Re: [PATCH v2 4/4] midx: return a `packed_git` pointer from `prepare_midx_pack()`

Taylor Blau <me@xxxxxxxxxxxx> · Tue, 3 Jun 2025 18:27:14 -0400

On Fri, May 30, 2025 at 02:50:34AM -0400, Jeff King wrote:
> On Wed, May 28, 2025 at 06:59:09PM -0400, Taylor Blau wrote:
>
> > Let's instead have prepare_midx_pack() return a pointer to the
> > packed_git structure itself, hiding the above as an implementation
> > detail of prepare_midx_pack(). This patch turns the above snippet into:
> >
> >     struct packed_git *p = prepare_midx_pack(the_repository, some_midx,
> >                                              some_pack_int_id);
> >     if (!p)
> >         die("could not load pack xyz");
> >
> > making it far easier and less error-prone to access packs by their
> > pack_int_id in a MIDX chain.
>
> So obviously I like this direction, but a few small comments:
>
> > (In the future, we may want to consider similar treatment for, e.g., the
> > pack_names array. Likewise, it might make sense to rename the "packs"
> > member of the MIDX structure to suggest that it shouldn't be accessed
> > directly outside of midx.c.)
>
> Is this note still valid for v2? It looks like patch 1 adds
> nth_midxed_pack_name() and tries to use it everywhere.

Yeah, we should get rid of this. I had written it before I wrote what is
now the first patch in this series, and neglected to remove it before
sending out the latest round.

> > @@ -1649,9 +1646,9 @@ static int want_included_pack(struct repository *r,
> >
> >  	ASSERT(m && !m->base_midx);
> >
> > -	if (prepare_midx_pack(r, m, pack_int_id))
> > +	p = prepare_midx_pack(r, m, pack_int_id);
> > +	if (!p)
> >  		return 0;
> > -	p = m->packs[pack_int_id];
> >  	if (!pack_kept_objects && p->pack_keep)
> >  		return 0;
> >  	if (p->is_cruft)
>
> The ASSERT() in the context is from earlier in the series. But do we
> need it once we have this patch? We no longer look at pack_int_id except
> to pass it to prepare_midx_pack(), which handles non-base midx slices
> just fine.
>
> So we could loosen the assertion now. Or we could wait for later when
> somebody wants/needs to do so, but I'm not sure how easy they would find
> it to dig in the history. They would find the commit that added the
> ASSERT(), but may not realize that this later commit made it OK to
> loosen.
>
> I didn't check the other ASSERT() spots from that earlier patch (IIRC,
> some of them may actually look use the pack_int_id for other things, and
> wouldn't be ready for non-base slices).

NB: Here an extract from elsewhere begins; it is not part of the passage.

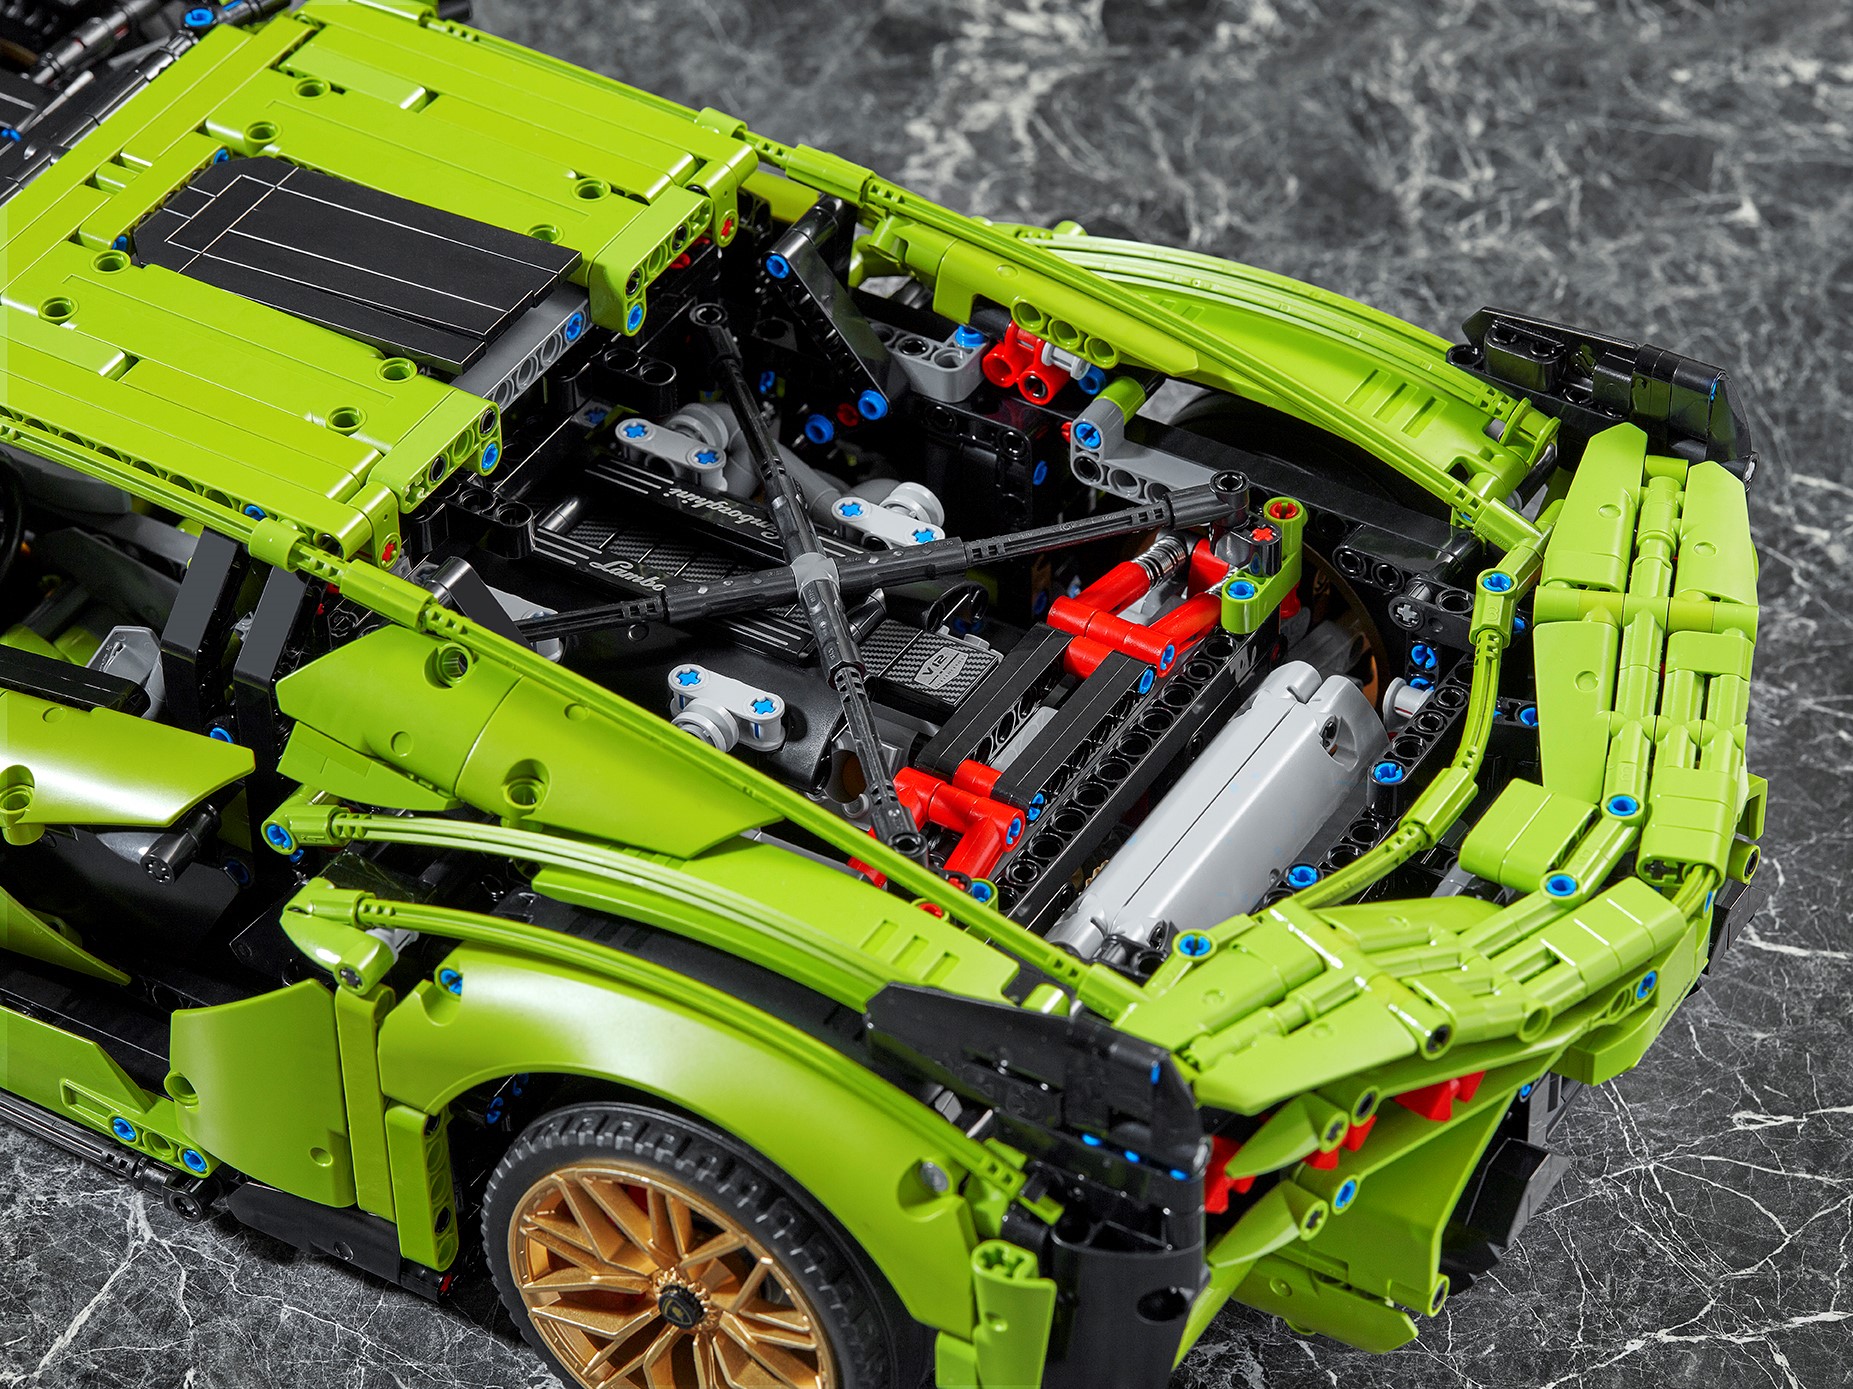 LEGO Technic Lamborghini Sian FKP 37 42115 Brand New!

We could loosen the assertion here, but part of me likes keeping it as a
self-documenting note that this function is only intended to be used for
non-incremental MIDXs.

> > -int prepare_midx_pack(struct repository *r, struct multi_pack_index *m,
> > -		      uint32_t pack_int_id)
> > +struct packed_git *prepare_midx_pack(struct repository *r,
> > +				     struct multi_pack_index *m,
> > +				     uint32_t pack_int_id)
>
> We used to return "1" for failure and "0" for success. Now we're
> reversed: we return NULL for failure and non-zero for success.
>
> So code like:
>
>   if (prepare_midx_pack(...))
> 	return error("yikes");
>
> needs to be updated, but the compiler won't help us because it is happy
> to convert both an int and a pointer into a boolean check.
>
> Should we rename the function to make sure we catch any callers for
> topics in flight?
>
> I'd have thought we could call it nth_midxed_pack(), but that seems to
> exist already, with the caveat that it never prepares the pack, but only
> serves what's in the cache. I wonder if we could simply replace that
> with what prepare_midx_pack() does, but it may be more conservative to
> leave the two separate. So I guess nth_midxed_pack_load() or something.

In general there aren't a ton of in-flight changes in the MIDX code at
any given time, so I think we could get away without renaming it. But I
don't mind erring on the side of caution here, either.

Thanks,
Taylor